Task to complete:
Lines from the one containing "ブランチ怪しい膨らみ[2点セット] 信州木曽 くまのあぶら" through the end of the material below should be given again exactly, with no others.
★ ★ ★ ★ ★
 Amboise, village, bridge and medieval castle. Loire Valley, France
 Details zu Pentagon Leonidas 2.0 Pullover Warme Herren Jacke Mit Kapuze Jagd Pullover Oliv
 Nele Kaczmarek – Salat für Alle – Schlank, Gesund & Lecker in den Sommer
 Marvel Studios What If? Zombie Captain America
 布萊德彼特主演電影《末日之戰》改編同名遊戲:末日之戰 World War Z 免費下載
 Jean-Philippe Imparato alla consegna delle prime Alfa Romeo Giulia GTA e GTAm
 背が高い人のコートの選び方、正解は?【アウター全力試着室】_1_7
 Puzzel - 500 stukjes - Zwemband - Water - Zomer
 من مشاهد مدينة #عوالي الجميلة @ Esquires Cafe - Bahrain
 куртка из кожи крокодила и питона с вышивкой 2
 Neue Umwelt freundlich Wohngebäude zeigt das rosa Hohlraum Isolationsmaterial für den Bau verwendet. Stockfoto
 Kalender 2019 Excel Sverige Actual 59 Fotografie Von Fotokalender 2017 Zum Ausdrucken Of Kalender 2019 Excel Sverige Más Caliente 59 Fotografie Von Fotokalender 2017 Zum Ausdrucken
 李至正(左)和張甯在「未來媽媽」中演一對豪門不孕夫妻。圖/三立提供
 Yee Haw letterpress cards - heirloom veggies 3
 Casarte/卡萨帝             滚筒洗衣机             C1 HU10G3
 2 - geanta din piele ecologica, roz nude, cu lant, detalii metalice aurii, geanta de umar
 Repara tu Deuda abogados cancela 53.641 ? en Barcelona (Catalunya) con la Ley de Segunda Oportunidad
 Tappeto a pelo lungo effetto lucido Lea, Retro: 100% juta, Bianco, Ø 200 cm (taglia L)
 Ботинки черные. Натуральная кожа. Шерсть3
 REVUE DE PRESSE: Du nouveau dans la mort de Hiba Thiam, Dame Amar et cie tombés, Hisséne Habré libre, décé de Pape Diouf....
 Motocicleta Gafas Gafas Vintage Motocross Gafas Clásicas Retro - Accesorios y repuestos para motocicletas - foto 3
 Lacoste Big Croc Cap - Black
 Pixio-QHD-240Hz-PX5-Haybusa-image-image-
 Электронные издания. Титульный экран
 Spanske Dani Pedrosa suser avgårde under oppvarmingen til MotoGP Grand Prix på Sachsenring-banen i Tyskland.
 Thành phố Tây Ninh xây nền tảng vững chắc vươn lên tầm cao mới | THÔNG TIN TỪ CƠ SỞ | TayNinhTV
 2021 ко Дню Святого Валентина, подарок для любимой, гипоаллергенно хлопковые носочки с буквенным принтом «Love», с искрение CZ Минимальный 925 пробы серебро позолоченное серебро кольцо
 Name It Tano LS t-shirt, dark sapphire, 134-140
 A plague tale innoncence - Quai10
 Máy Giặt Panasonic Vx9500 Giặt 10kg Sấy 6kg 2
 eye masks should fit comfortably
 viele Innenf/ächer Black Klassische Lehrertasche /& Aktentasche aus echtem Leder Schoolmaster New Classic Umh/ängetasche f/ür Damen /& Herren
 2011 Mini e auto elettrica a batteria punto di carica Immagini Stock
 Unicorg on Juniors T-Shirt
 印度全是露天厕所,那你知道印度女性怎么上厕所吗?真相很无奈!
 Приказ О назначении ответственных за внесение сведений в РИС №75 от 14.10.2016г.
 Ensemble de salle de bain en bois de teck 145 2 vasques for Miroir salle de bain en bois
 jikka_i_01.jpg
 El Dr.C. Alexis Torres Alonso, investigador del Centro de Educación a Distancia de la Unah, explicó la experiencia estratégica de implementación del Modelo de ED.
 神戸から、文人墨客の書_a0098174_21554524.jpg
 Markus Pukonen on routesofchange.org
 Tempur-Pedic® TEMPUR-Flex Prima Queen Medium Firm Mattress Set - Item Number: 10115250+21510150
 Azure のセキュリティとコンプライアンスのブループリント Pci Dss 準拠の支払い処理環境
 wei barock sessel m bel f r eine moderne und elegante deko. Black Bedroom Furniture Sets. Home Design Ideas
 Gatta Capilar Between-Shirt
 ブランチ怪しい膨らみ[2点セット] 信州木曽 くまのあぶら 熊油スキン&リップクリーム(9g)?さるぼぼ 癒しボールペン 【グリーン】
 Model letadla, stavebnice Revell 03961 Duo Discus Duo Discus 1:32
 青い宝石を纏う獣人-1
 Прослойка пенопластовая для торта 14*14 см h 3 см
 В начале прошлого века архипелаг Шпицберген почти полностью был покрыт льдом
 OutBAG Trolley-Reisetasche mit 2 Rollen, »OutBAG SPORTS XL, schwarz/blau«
★ ★ ★ ★ ★
Exercise response:
 ブランチ怪しい膨らみ[2点セット] 信州木曽 くまのあぶら 熊油スキン&リップクリーム(9g)?さるぼぼ 癒しボールペン 【グリーン】
 Model letadla, stavebnice Revell 03961 Duo Discus Duo Discus 1:32
 青い宝石を纏う獣人-1
 Прослойка пенопластовая для торта 14*14 см h 3 см
 В начале прошлого века архипелаг Шпицберген почти полностью был покрыт льдом
 OutBAG Trolley-Reisetasche mit 2 Rollen, »OutBAG SPORTS XL, schwarz/blau«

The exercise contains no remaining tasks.